On September 7, AB 446 passed the California legislature. It makes minor improvements in the ability of new parties to qualify for party status.
On September 7, India Walton, Democratic nominee for Mayor of Buffalo, New York, filed a brief in Meadors v Erie County Board of Elections, 21-2137.
The brief can be seen here. It says that the U.S. Supreme Court upheld June petition deadlines in Jenness v Fortson, the 1971 decision that upheld the Georgia ballot access laws. But the deadline was not an issue in that case; the Socialist Workers Party, which filed that case, did not complain about the deadline. Justice John Paul Stevens established this in his dissent in Mandel v Bradley, a 1977 U.S. Supreme Court case that considered Maryland’s old March petition deadline, but which did not decide the issue; instead the case was remanded back to the lower courts for more fact-finding. In Mandel v Bradley, Justice Stevens wrote, “The question (of the June deadline) was neither raised nor decided by the Court in Jenness. Thus, that decision is not controlling on this point.”
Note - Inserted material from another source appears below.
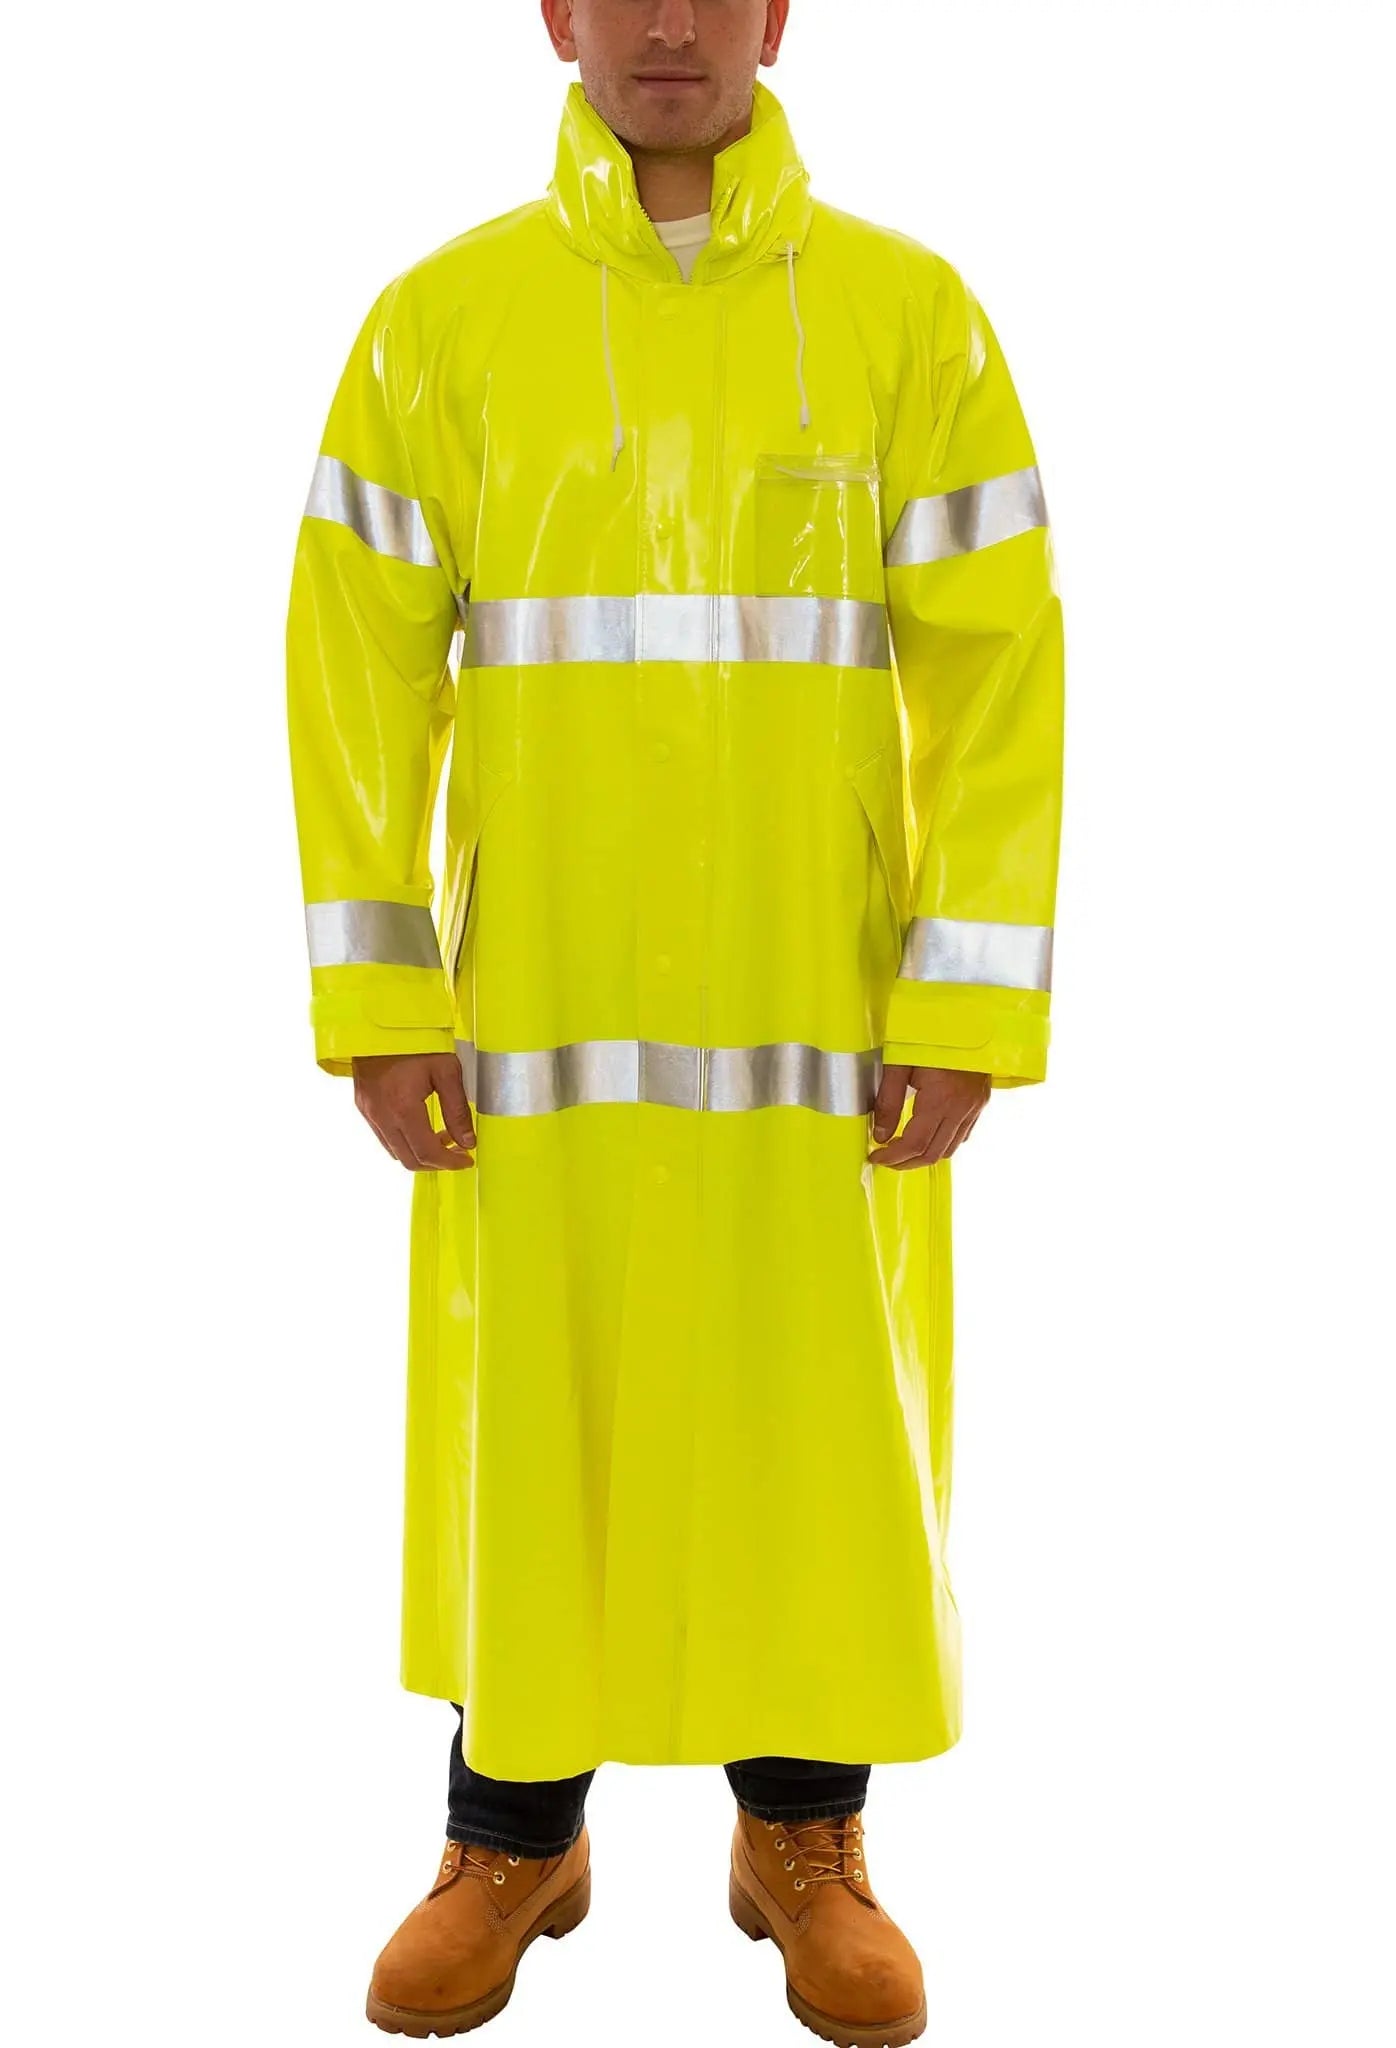 TINGLEY - Comfort-Brite - FR Yellow-Green Coat w/ Hood - ANSI 107 Class 3  Becker Safety and Supply

The brief says the purpose of the New York May petition deadline is to stop “sore losers”. But in Anderson v Celebrezze, the 1983 U.S. Supreme Court decision that struck down Ohio’s March petition deadline, the candidate who had filed the case, John B. Anderson, independent presidential candidate in 1980, was also a “sore loser”. The Anderson decision says that early deadlines cannot be used to block “sore losers”. If a state wants to block “sore losers”, it can do so with a law that applies specifically to that issue. But it can’t just depend on early deadlines to block sore losers, because an early deadline blocks many other candidates who are not sore losers.
The decision says there is a “mountain of precedent” that independent candidate petition deadlines can be earlier than primary day, but it doesn’t cite a single such precedent, except for Stevenson v Illinois State Board of Elections. The brief fails to say that the Stevenson precedent was reversed by a later decision of the Seventh Circuit, Lee v Keith. The brief also cites McLain v Meier (1988), and Rainbow Coalition of Oklahoma v Oklahoma State Election Board, but neither of those cases involved independent candidates. Instead they concerned petitions to create a new party, and in both states (North Dakota and Oklahoma) the law required new parties to nominate by primary, so the courts upheld those deadlines so as to give the new party its own primary. The brief inaccurately says the Oklahoma case is about the “independent filing deadline”.
Other precedents relied on by the brief concerned petition deadlines that were on primary day, or the day before the primary. But the New York deadline is a month before the primary.
The brief says the New York deadline should be upheld because some independent candidates other than Mayor Byron Brown succeeded in getting on the ballot this year. But that is no defense, because in Anderson v Celebrezze, that was also true. The Anderson decision, footnote 12, notes that five presidential candidates managed to meet the Ohio deadline in 1980, but that didn’t save the Ohio deadline from being struck down.
The brief says New York’s ballot access is “quite liberal” because the state lets primary voters sign for an independent. But that is true for all states, except Texas (Minnesota has language on its petition saying the signer doesn’t intend to vote in the primary for that particular office, but the law has no teeth because no one can know if a signer voted for any particular office in the primary, due to the secret ballot).
On September 2, Jason Gonzales, an Illinois candidate for the legislature in 2016, asked the U.S. Supreme Court to hear his case. Gonzales v Madigan, 21-352. Here is the cert petition. The case began when incumbent Illinois representative Michael Madigan recruited two candidates to run in the Democratic primary. Both candidates had Hispanic surnames. Madigan was already facing Jason Gonzales and the district was majority-Hispanic. Gonzales sued, presenting evidence that the two candidates recruited by Madigan were not bona fide candidates, but were merely brought into the primary to split the Hispanic vote. The Seventh Circuit in 1974 had ruled that bringing sham candidates into an election can violate the U.S. Constitution.
Gonazles lost in the U.S. District Court and the Seventh Circuit, despite the 1974 precedent. Illinois is in the Seventh Circuit.
On September 7, the Erie County, New York, Board of Elections filed a notice of appeal in Meadors v Erie County Board of Elections, the case over the May petition deadline in New York state. Oddly, though, the Board voted not to appeal the state court decision that also enjoined the deadline.
On July 30, the Ninth Circuit struck down Alaska’s $500 campaign contribution limit in Thompson v Hebdon, 17-35019. On August 20, the court asked both sides to file briefs on whether the case should receive a hearing en banc. The briefs are due September 10. Thanks to the Institute for Free Speech for this news. The original decision on July 30 had been 2-1.
This case is very old. Originally the Ninth Circuit had upheld the limit, and then the U.S. Supreme Court had sent the case back to the Ninth Circuit with instructions to rehear it. Another issue in the case is the Alaska law that says candidates may only receive a small amount of donations from individuals who live outside Alaska.